-------- Data segment
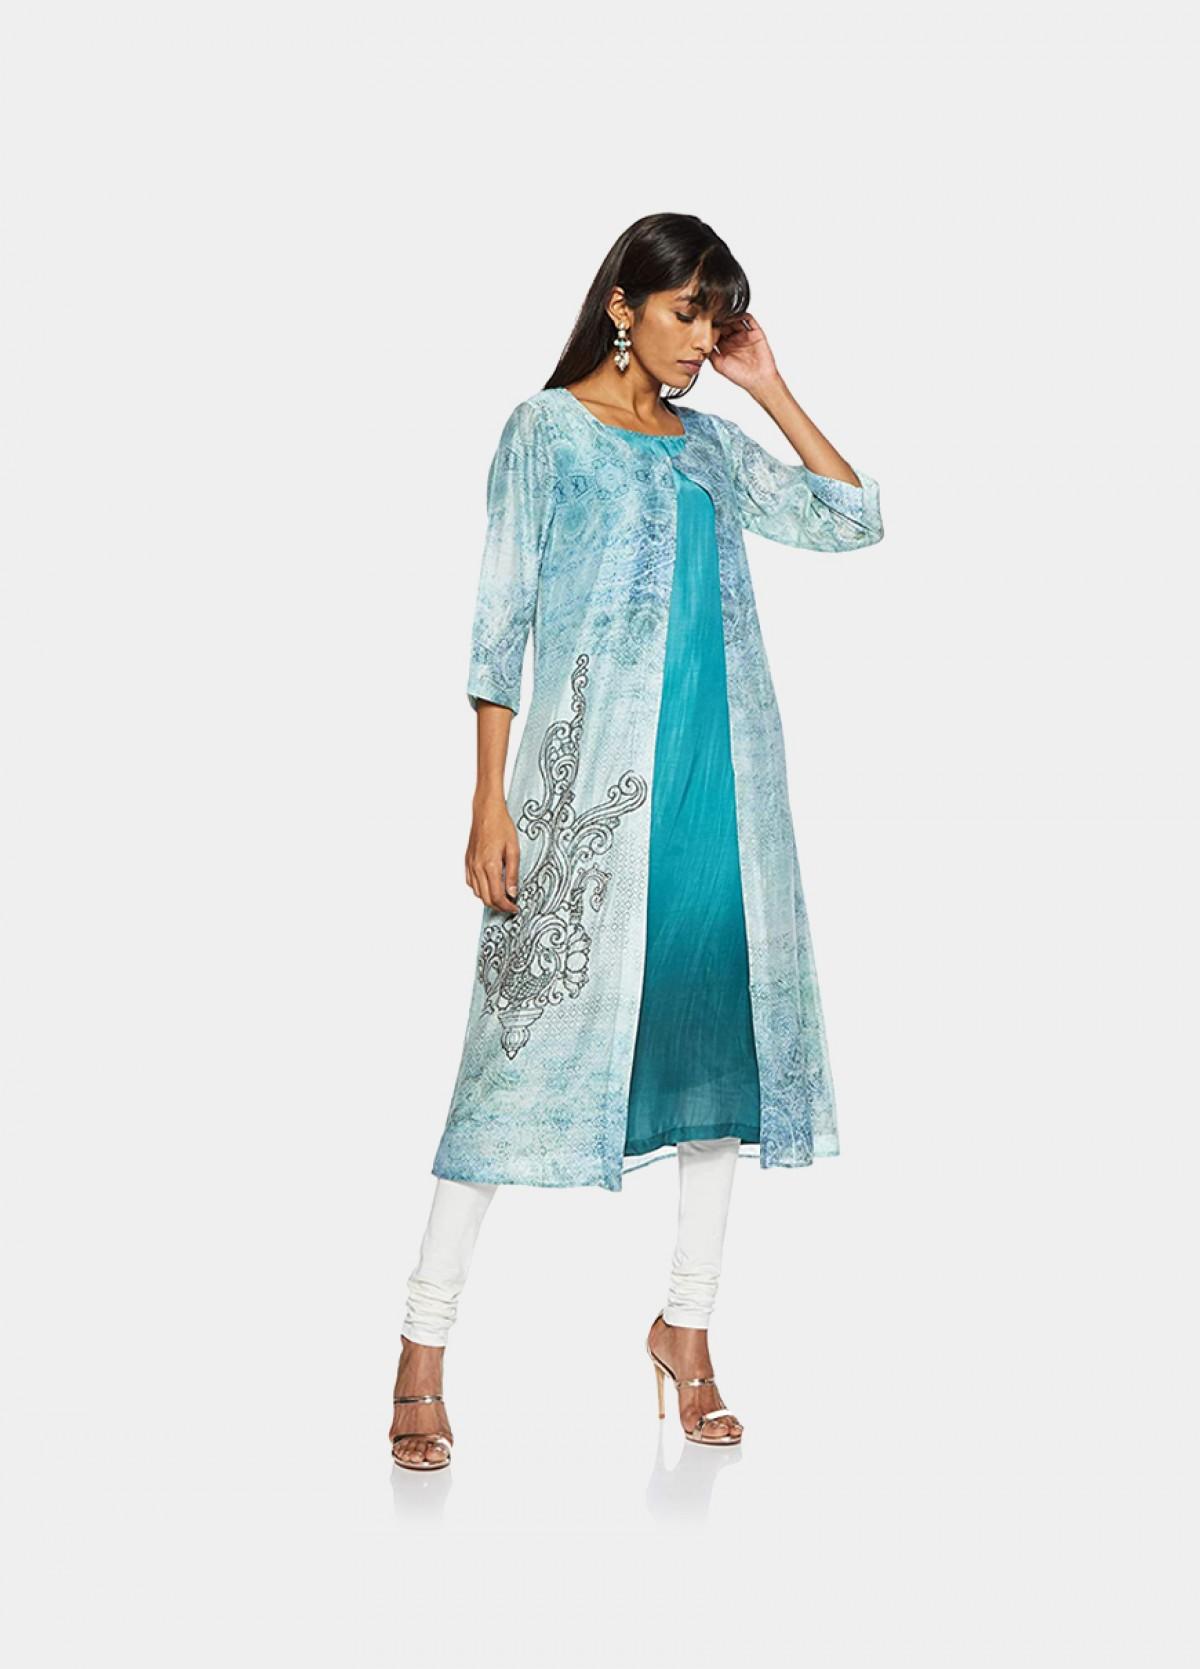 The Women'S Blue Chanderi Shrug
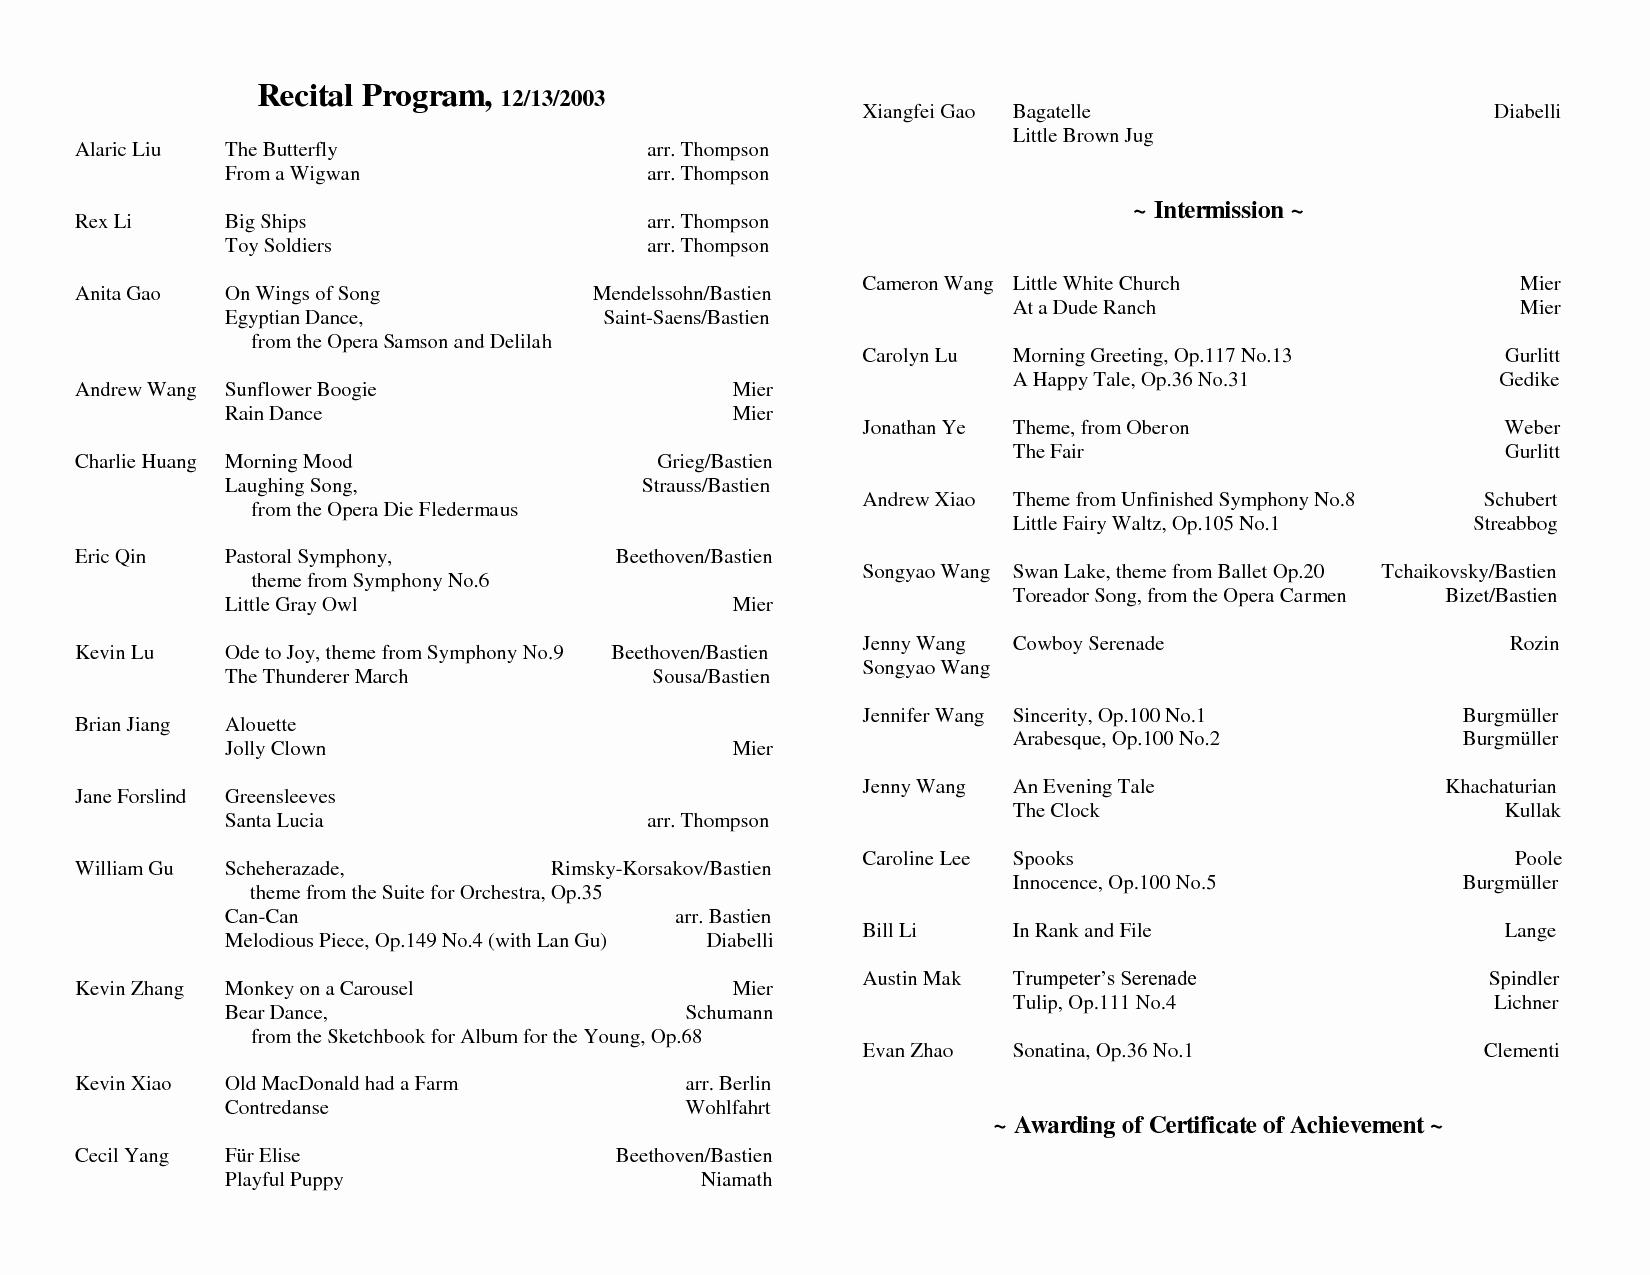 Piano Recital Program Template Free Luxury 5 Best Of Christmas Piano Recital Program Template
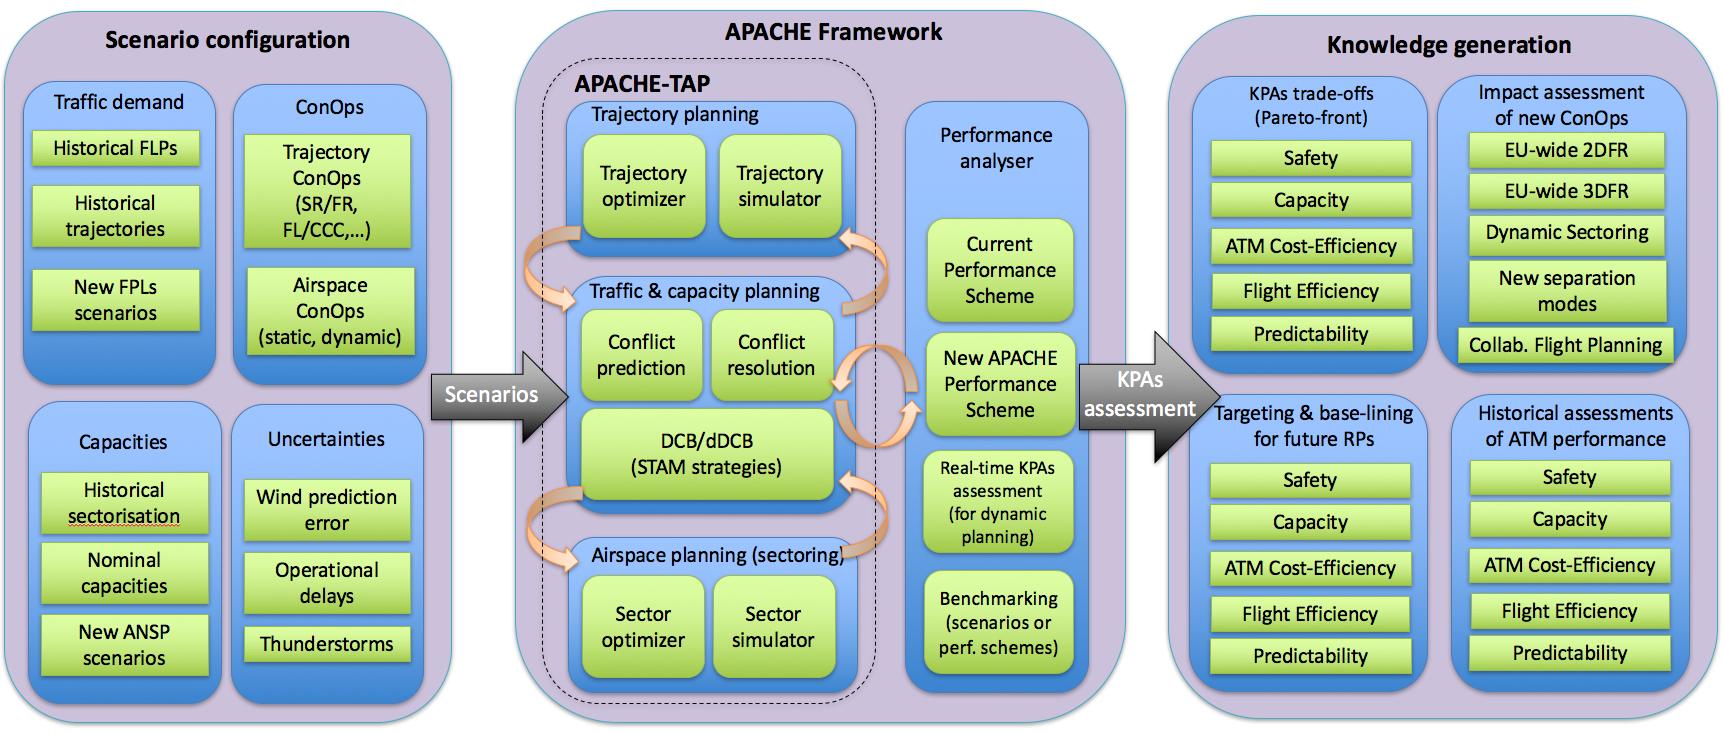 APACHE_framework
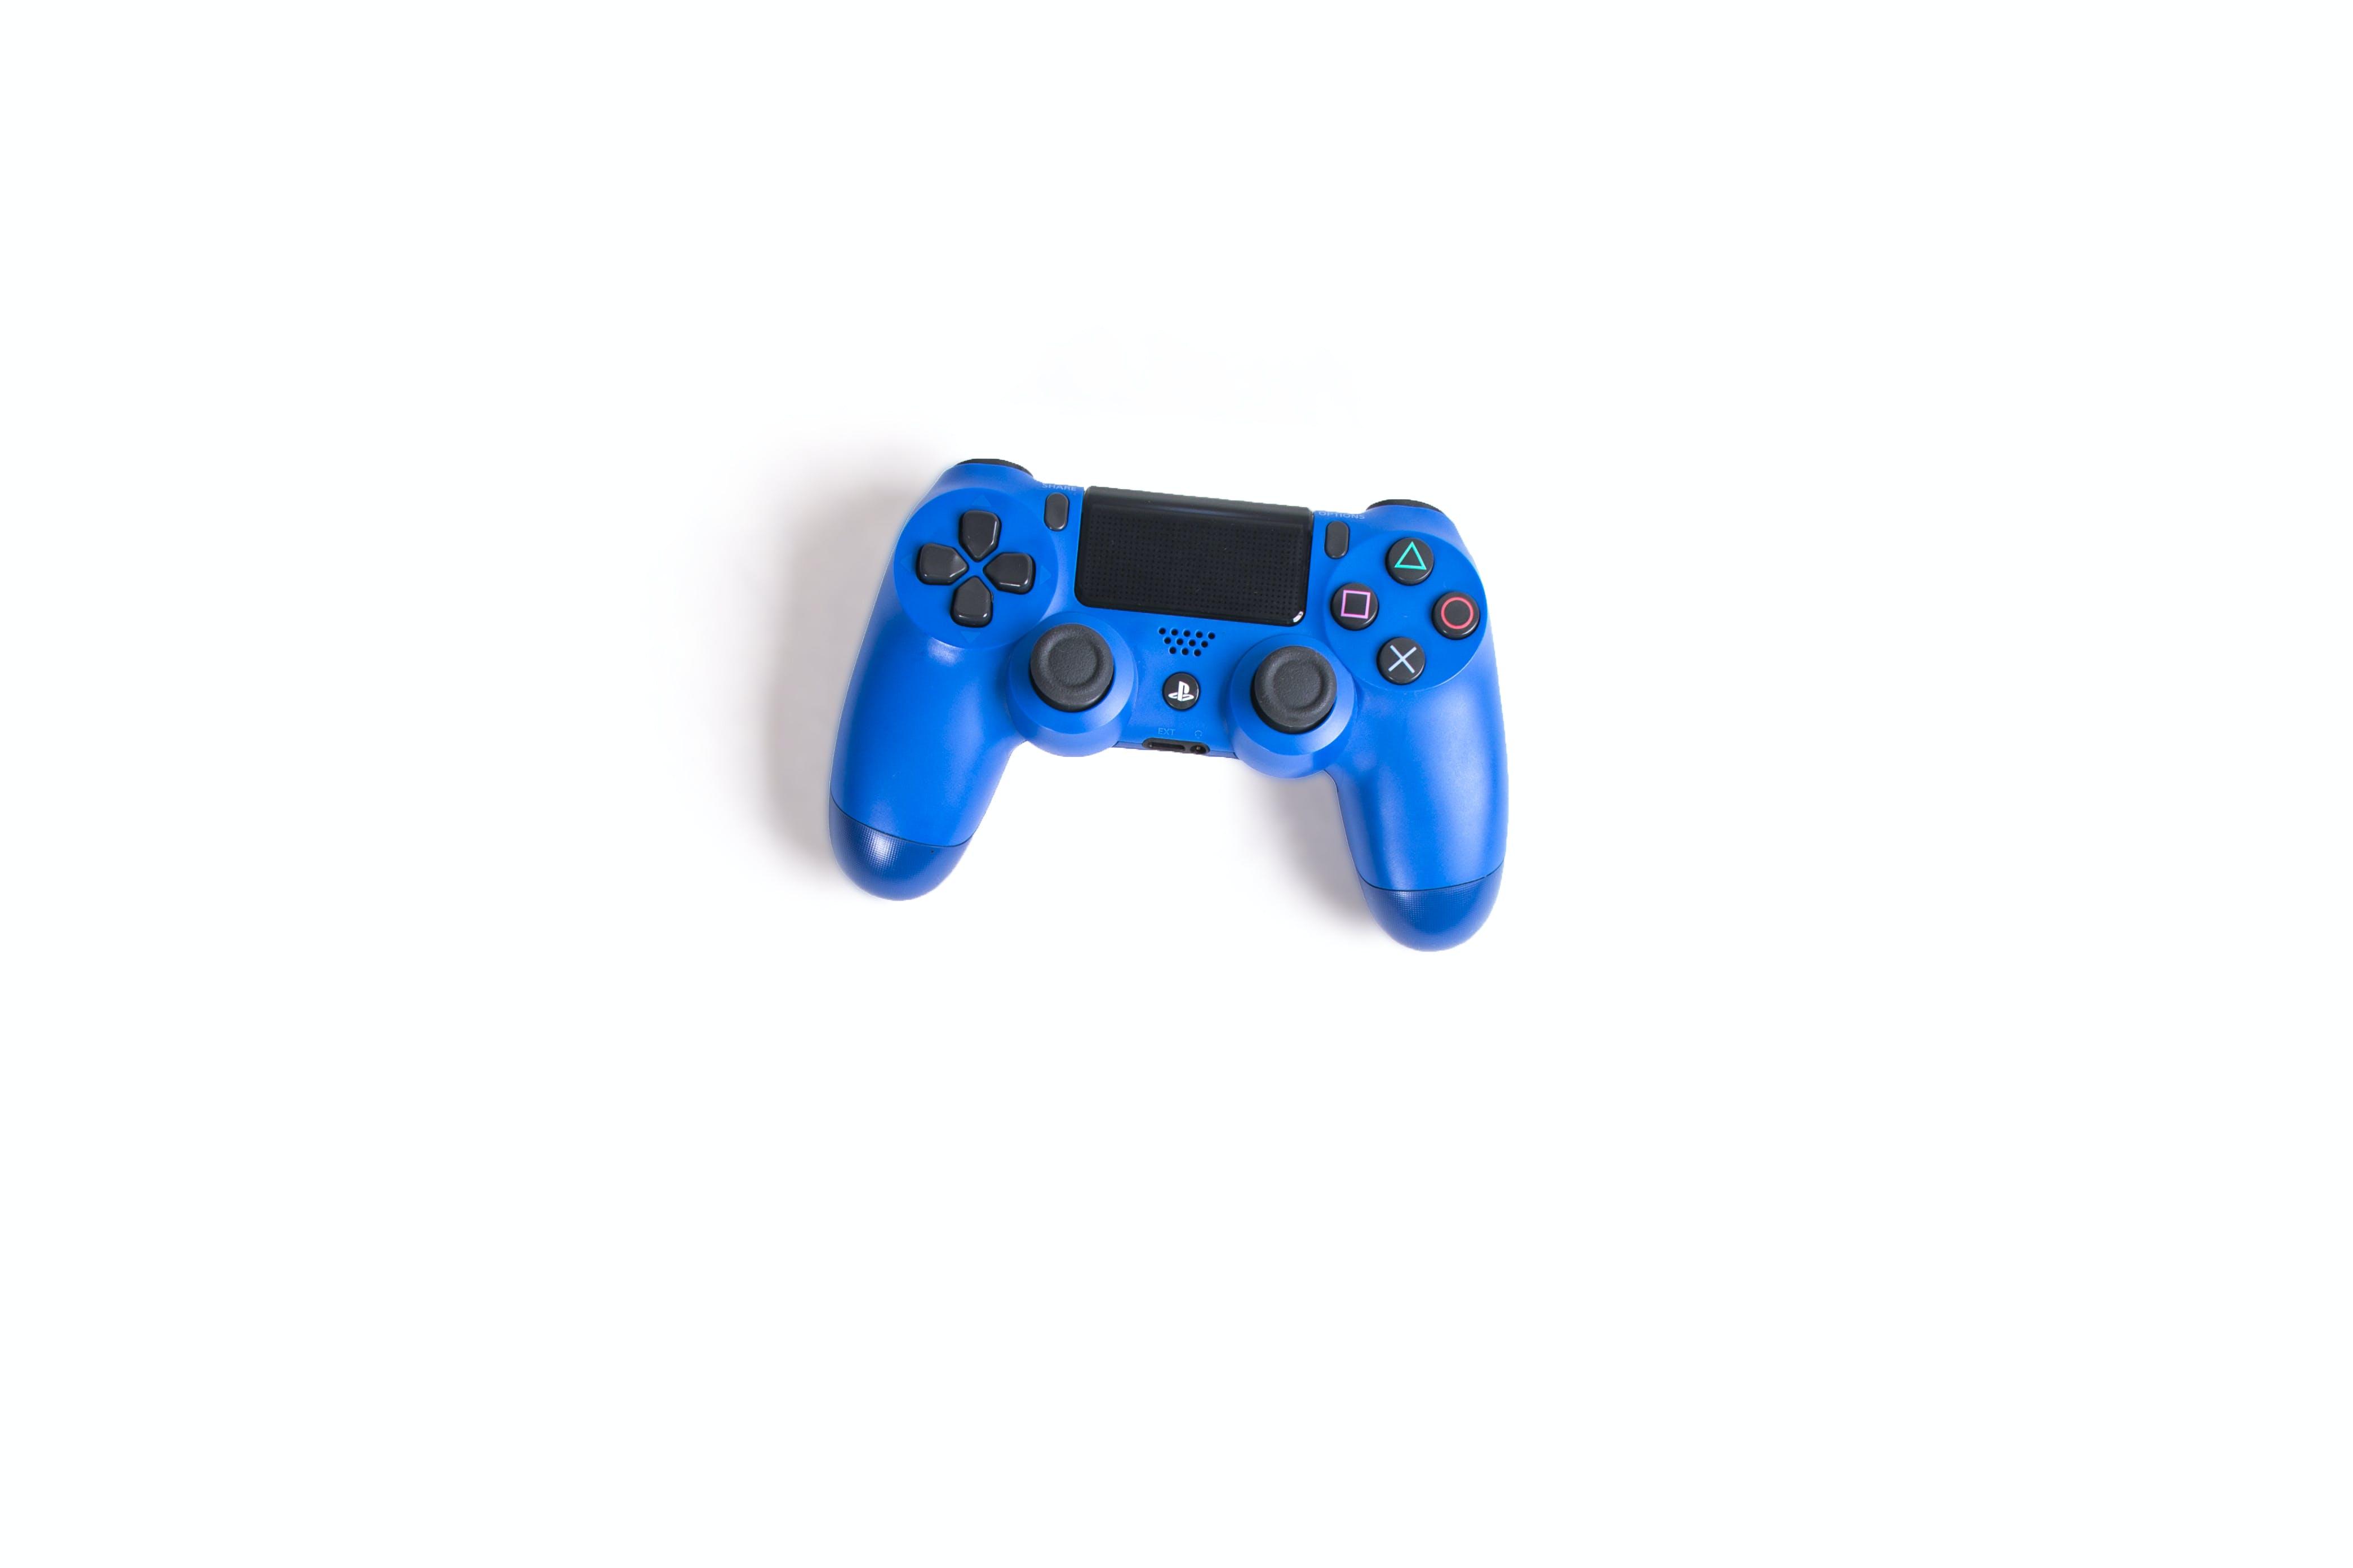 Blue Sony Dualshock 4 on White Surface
----------------
Since pictures are not part of the copy, set down only the remaining data exactly.

» **Reply to the task**
 The Women'S Blue Chanderi Shrug
 Piano Recital Program Template Free Luxury 5 Best Of Christmas Piano Recital Program Template
 APACHE_framework
 Blue Sony Dualshock 4 on White Surface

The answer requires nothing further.